The World is My Urinal
Mark Leyner, Et tu Babe
When your bladder is calling the shots you are the co-pilot of the sack of fluids that is your body. (As I jot down these thoughts I have a creeping suspicion that one of the comedians was talking about this during the recent Melbourne Comedy Festival. I apologise for any plagiarism herein but I saw not one of the shows and besides it's a topic that stretches back to early civilisations and get off my back and oh-yeah?-your-horse-ugly. So there.) The pressure builds in the lower "rude bits" of your body and no matter if you spend your life donating to charity and doing other Good Samaritan-y things you WILL push old ladies into oncoming traffic, destroy life long relationships, kill relatives, etc. for that sweet sweet release. All other commitments evaporate from your alcohol-decayed mind as you hunt down for someplace to whizz. However, once finished, you revert back to your normal, neurotic self and apologise to the horrified onlookers/ relatives/ ambulance guys of that tragic 'pushing old lady into the traffic'-thing.
It takes a very special kind of prick to not acknowledge the lend of the facilities of a bar. (Yes, this is a long winded gripe about 'idiot customers' and will affect most of you not one bit.) Like Mr.Personality who slithered wordlessly into the Amethyst and tried to walk wordlessly out.

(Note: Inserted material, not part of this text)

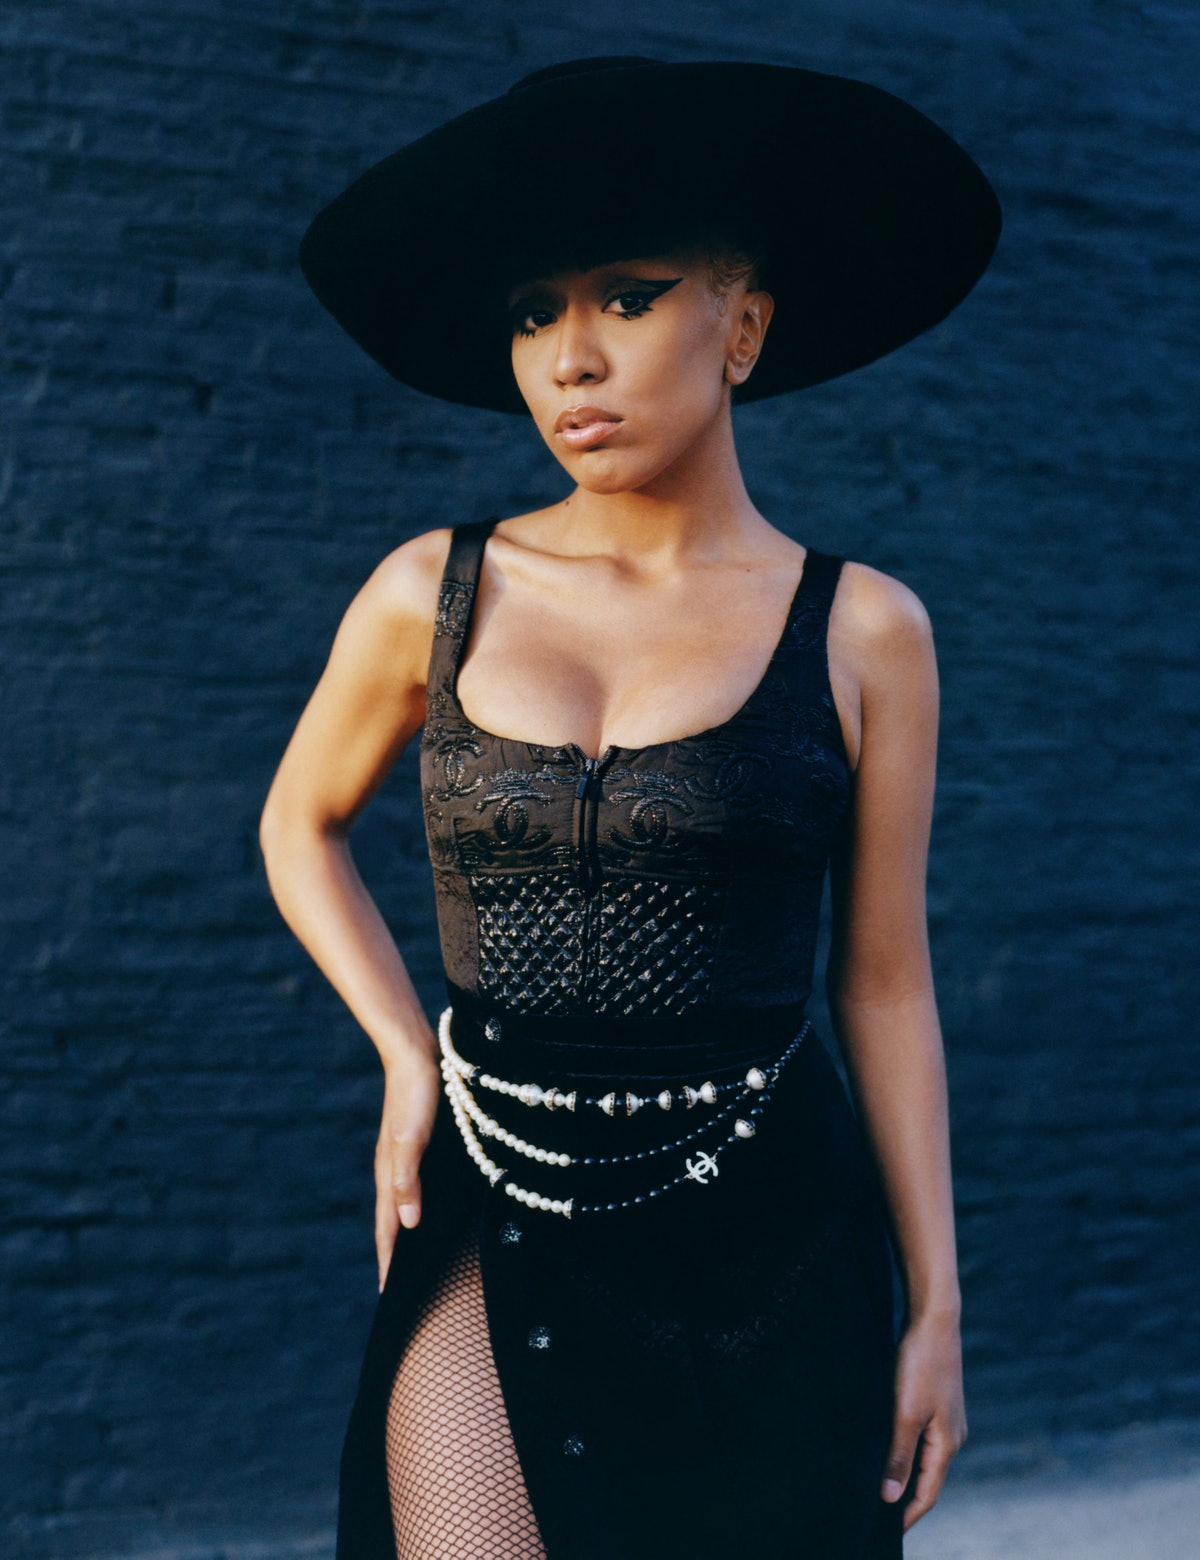 Fousheé wears a Chanel top, skirt, hat, and belt; Capezio fishnets.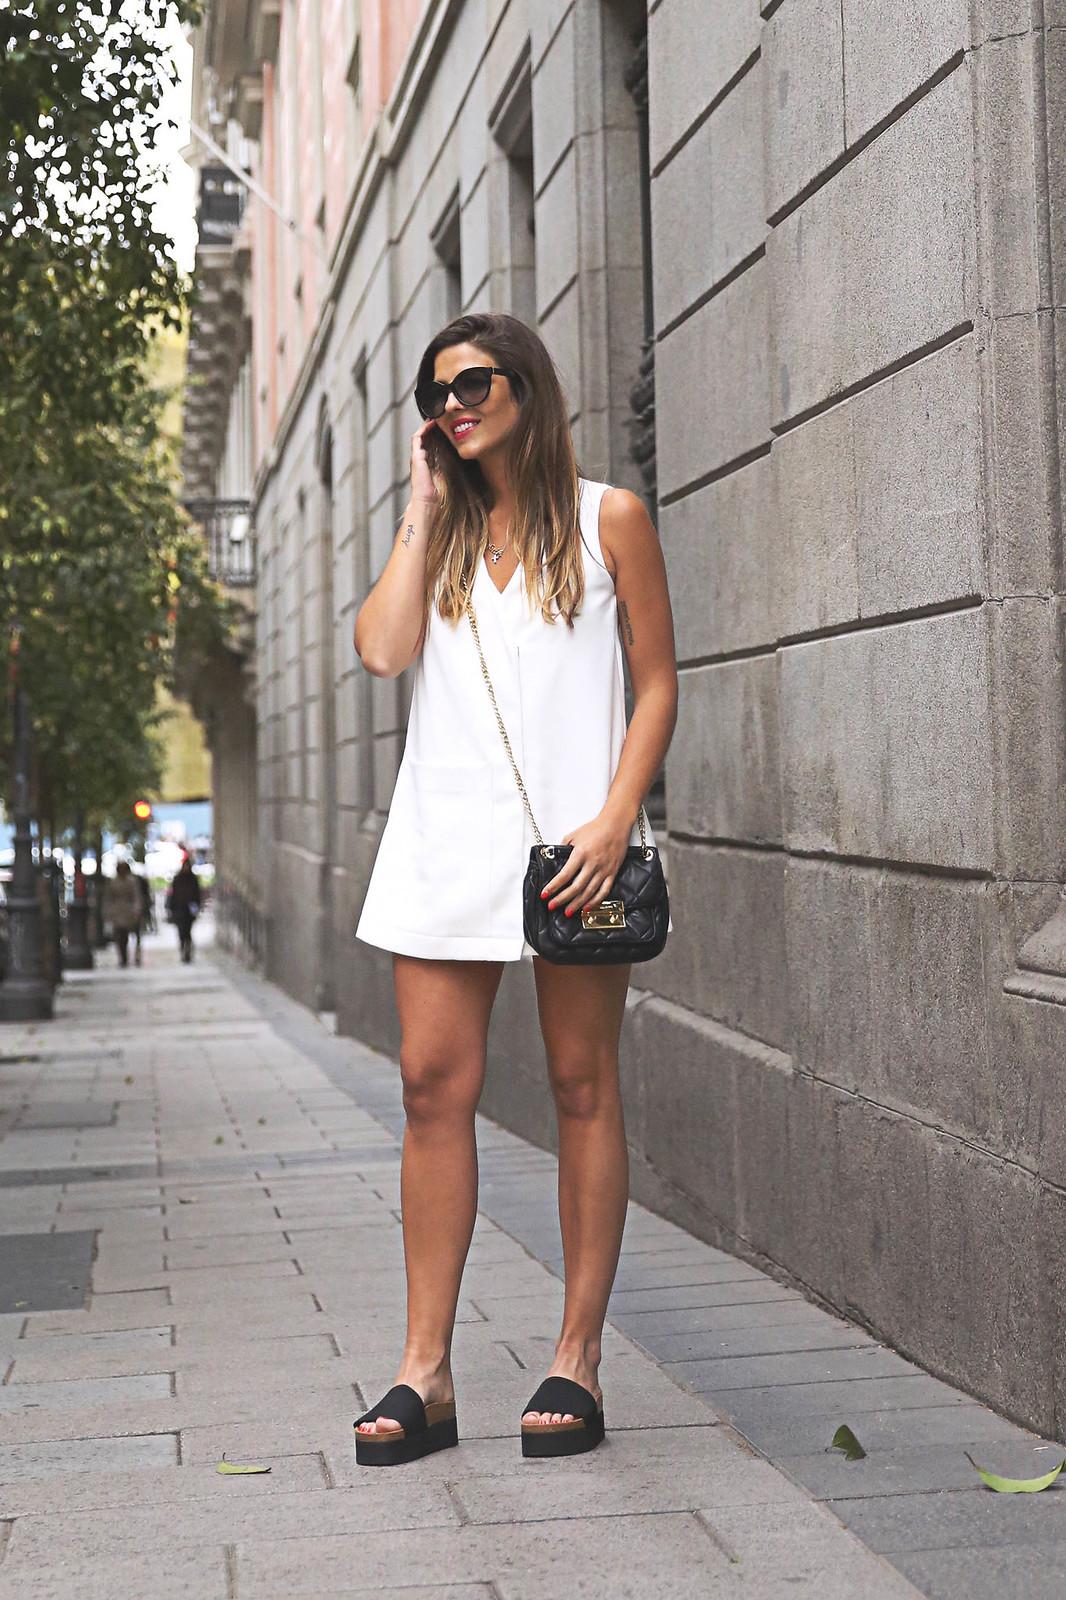 trendy-taste-look-outfit-street-style-ootd-blog-blogger-fashion-spain-moda-españa-steve-madden-mono-overall-playsuit-sandalias-michael-kors-white-blanco-3

Me:(shouts) You're welcome!
D-ckhead: (turns around) Excuse me?
Me: I said "You're welcome). You used the toilet without saying anything.
Me: It's polite to ask.
D-ckhead: You actually expect me to ask you permission to use your toilet?
Me: Yup. It's called courtesy.
And so on and so forth. The scenario ended in a lot of shouting and hand gestures and this angry bastard making monkey gestures (Honest Injun!) before he left.